Here is a simpler solution. Let $O$ be the midpoint of $AC$, and $U,V$ the intersection of $ZX, ZY$ with $l$ respectively. We apply an inversion with center at $Z$ and radius $ZB$. The inversion maps $\omega_2, X,Y$ to $l, U, V$ respectively, and $\omega_1,\omega_3$ to themselves.
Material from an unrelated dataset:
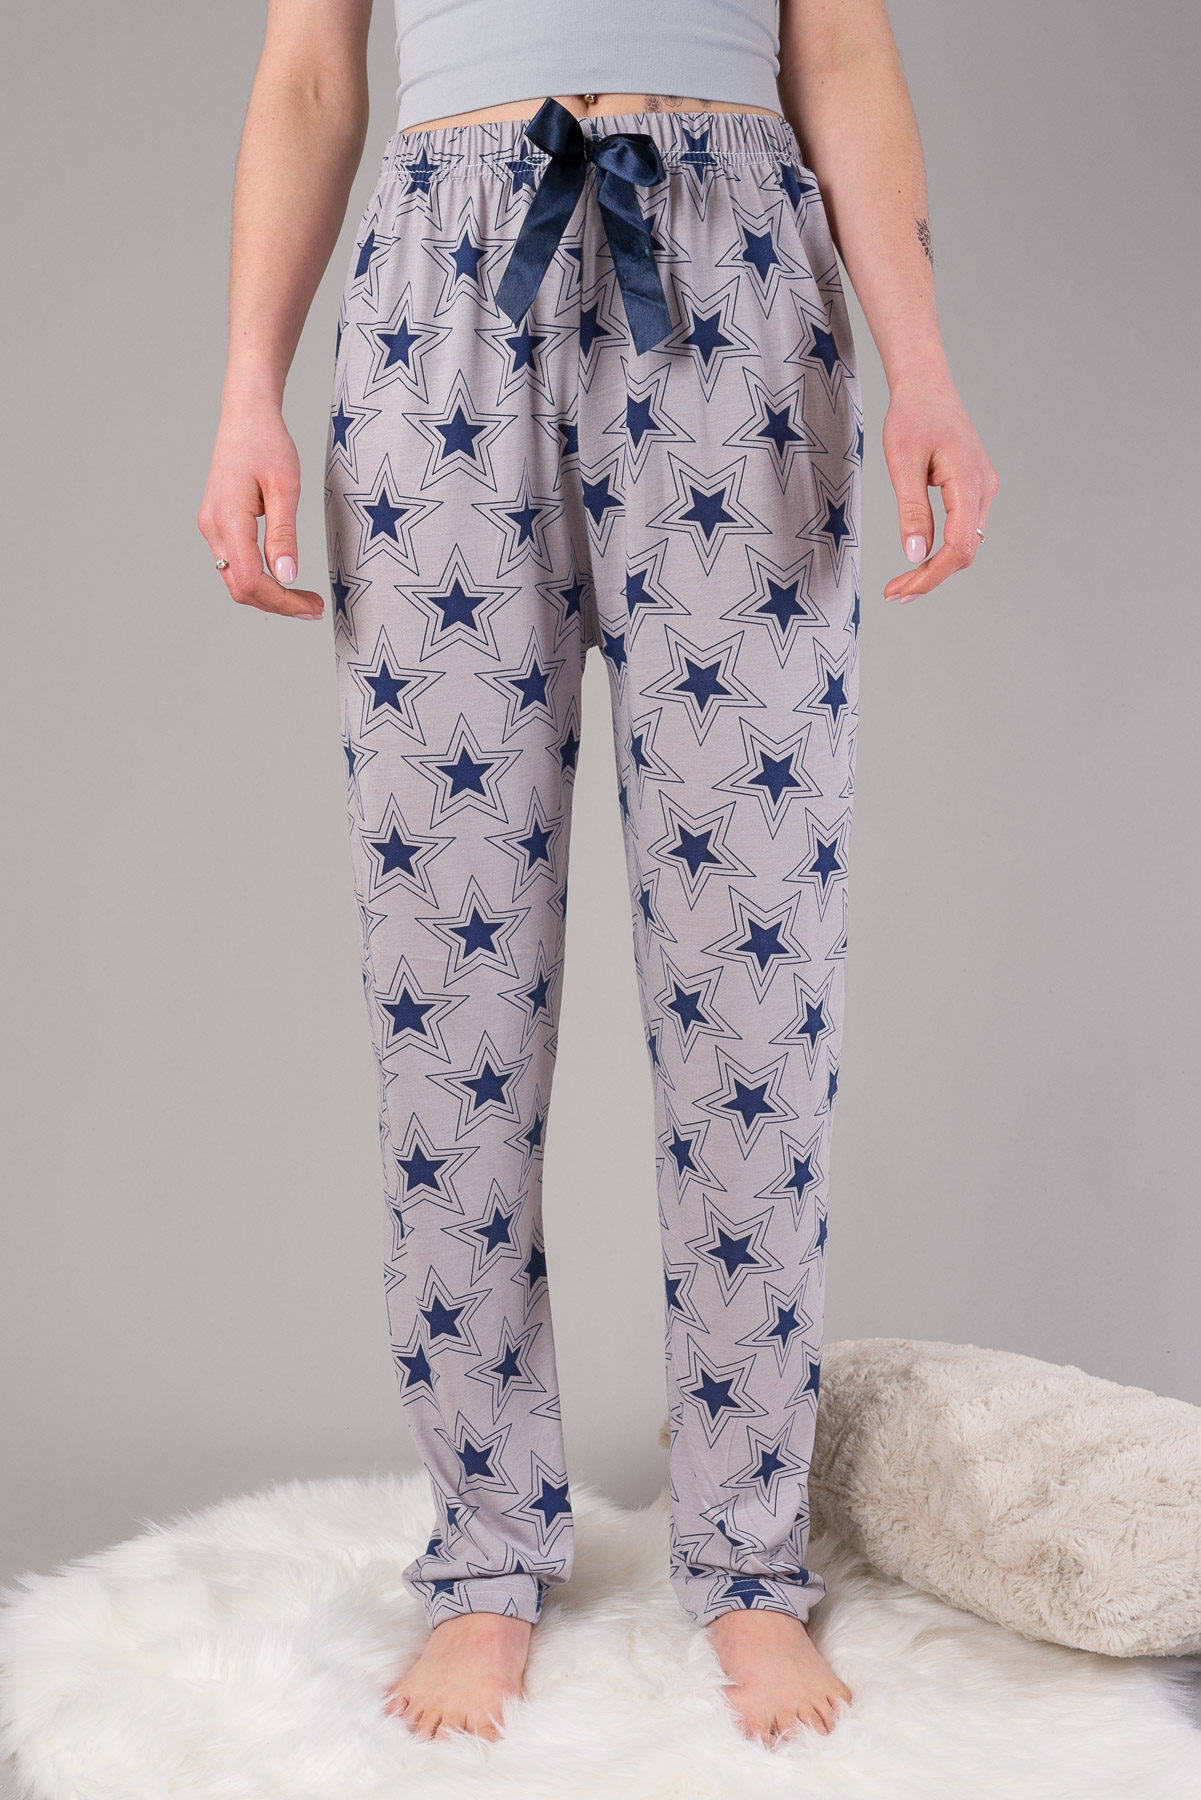 Pyžamové nohavice HVIEZDY - sivé

Also the other common external tangent of $\omega_1,\omega_3$ maps onto a cirle that passes $Z, U, V$ and tangent to both $\omega_1$ and $\omega_3$. Now, by casey’s theorem for $U, V, Z, \omega_1$, we have $UV\cdot BZ+UA\cdot VZ=UZ\cdot VA$. Similarly, we have $UV\cdot BZ+UZ\cdot VC=UC\cdot VZ$ for $U, V, \omega_3, Z$. Then from these two equations we got $\frac{UZ}{VZ}=\frac{UO}{VO}$, which means $O$ lies on the bisector of $\angle UZV$, hence the distances from $O$ to $UZ$, $VZ$ are equal. Furthermore, we also got $UV\cdot BZ=AO\cdot (UZ+VZ)$. Finally, by the area relation we can easily deduce the distance from $O$ to $UZ$ is equal to $AO$, from which the claim will be obtained.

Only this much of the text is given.